[Bioperl-l] Re: AF165282 and Bio::DB::GenBank
Jason Stajich
jason@chg.mc.duke.edu
Tue, 24 Apr 2001 17:33:14 -0400 (EDT)
Anton, thank you for you request to look into this. Please submit these
type of things as a bug on the bioperl bug submission form in the future.

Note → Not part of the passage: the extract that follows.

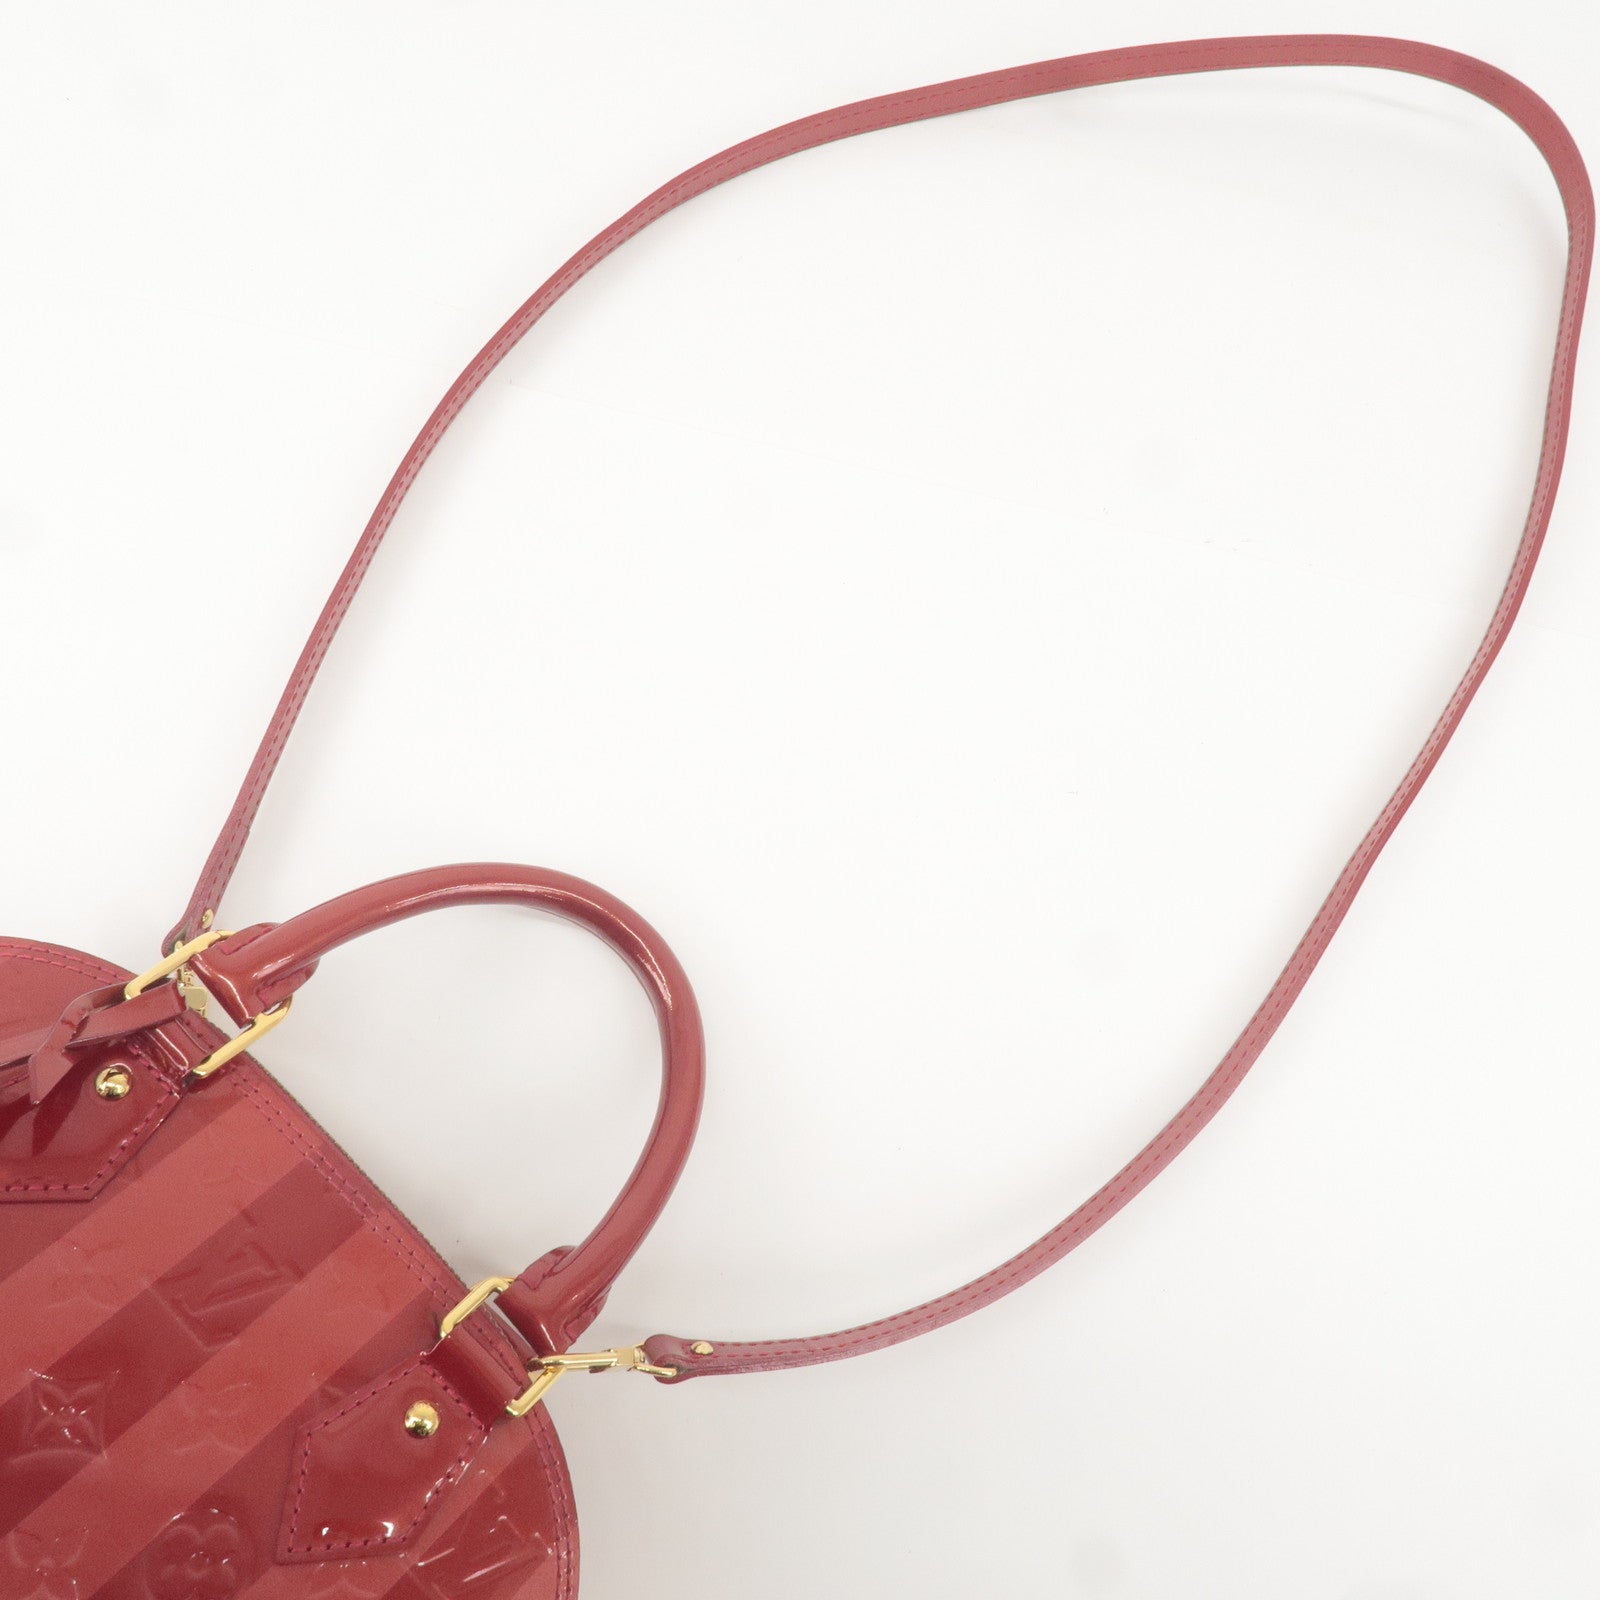 Louis Vuitton, Bags, Lv Alma Bb Red Vernis Rayunes

I have taken care of this for this case.
It appears that the problem is not in the db download (Bio::DB::GenBank),
but in the genbank parsing, but you may need to clarify what you mean by
'it does not work' as I can certainly download the sequence and get at
least sequence information just not all the features are being parsed
correctly.
The offending features look somthing like this which the regexps aren't
handling I'm guessing.
gene join(<1..226,AF165283.1:1..197,AF165284.1:1..243,
AF165285.1:1..242,AF165286.1:1..225,AF165287.1:1..152,
AF165288.1:1..163,AF165289.1:1..158,AF165290.1:1..241,
AF165291.1:1..93,AF165292.1:1..223,AF165293.1:1..69,
AF165294.1:1..134,AF165295.1:1..169,AF165296.1:1..145,
AF165297.1:1..119,AF165298.1:1..209,AF165299.1:1..115,
AF165300.1:1..53,AF165301.1:1..126,AF165302.1:1..95,
AF165303.1:1..190,AF165304.1:1..198,AF165305.1:1..136,
AF165306.1:1..165,AF165307.1:1..150,AF165308.1:1..141,
AF165309.1:1..83,AF165310.1:1..>264)
/gene="ABC1"
556 magrathea tests $ cat genbank_dbtests.t
#!/usr/local/bin/perl -w
use strict;
use Bio::DB::GenBank;
use Bio::SeqIO;
my $db = new Bio::DB::GenBank;
my $seq = $db->get_Seq_by_acc('AF165282');
my $seqout = new Bio::SeqIO(-format => 'genbank',
-fh => \*STDOUT);
$seqout->write_seq($seq);
557 magrathea tests $ perl genbank_dbtests.t
-------------------- WARNING ---------------------
MSG: unable to parse location successfully out of AF165283.1:1..197,
ignoring feature (seqid=HSATPCB01)
---------------------------------------------------
-------------------- WARNING ---------------------
MSG: unable to parse feature gene in EMBL/GenBank/SwissProt sequence entry
(id=HSATPCB01), ignoring
---------------------------------------------------
-------------------- WARNING ---------------------
MSG: unable to parse location successfully out of AF165283.1:16..192,
ignoring feature (seqid=HSATPCB01)
---------------------------------------------------
-------------------- WARNING ---------------------
MSG: unable to parse feature mRNA in EMBL/GenBank/SwissProt sequence entry
(id=HSATPCB01), ignoring
---------------------------------------------------
-------------------- WARNING ---------------------
MSG: unable to parse location successfully out of AF165283.1:16..192,
ignoring feature (seqid=HSATPCB01)
---------------------------------------------------
-------------------- WARNING ---------------------
MSG: unable to parse feature CDS in EMBL/GenBank/SwissProt sequence entry
(id=HSATPCB01), ignoring
---------------------------------------------------
LOCUS HSATPCB01 226 bp DNA PRI 17-AUG-1999
DEFINITION Homo sapiens ATP cassette binding transporter 1 (ABC1) gene,
exon
12.
ACCESSION AF165282
VERSION AF165282.1 GI:5734104
KEYWORDS .
SOURCE Homo sapiens.
ORGANISM Homo sapiens
Eukaryota; Metazoa; Chordata; Craniata; Vertebrata;
Euteleostomi;
Mammalia; Eutheria; Primates; Catarrhini; Hominidae; Homo.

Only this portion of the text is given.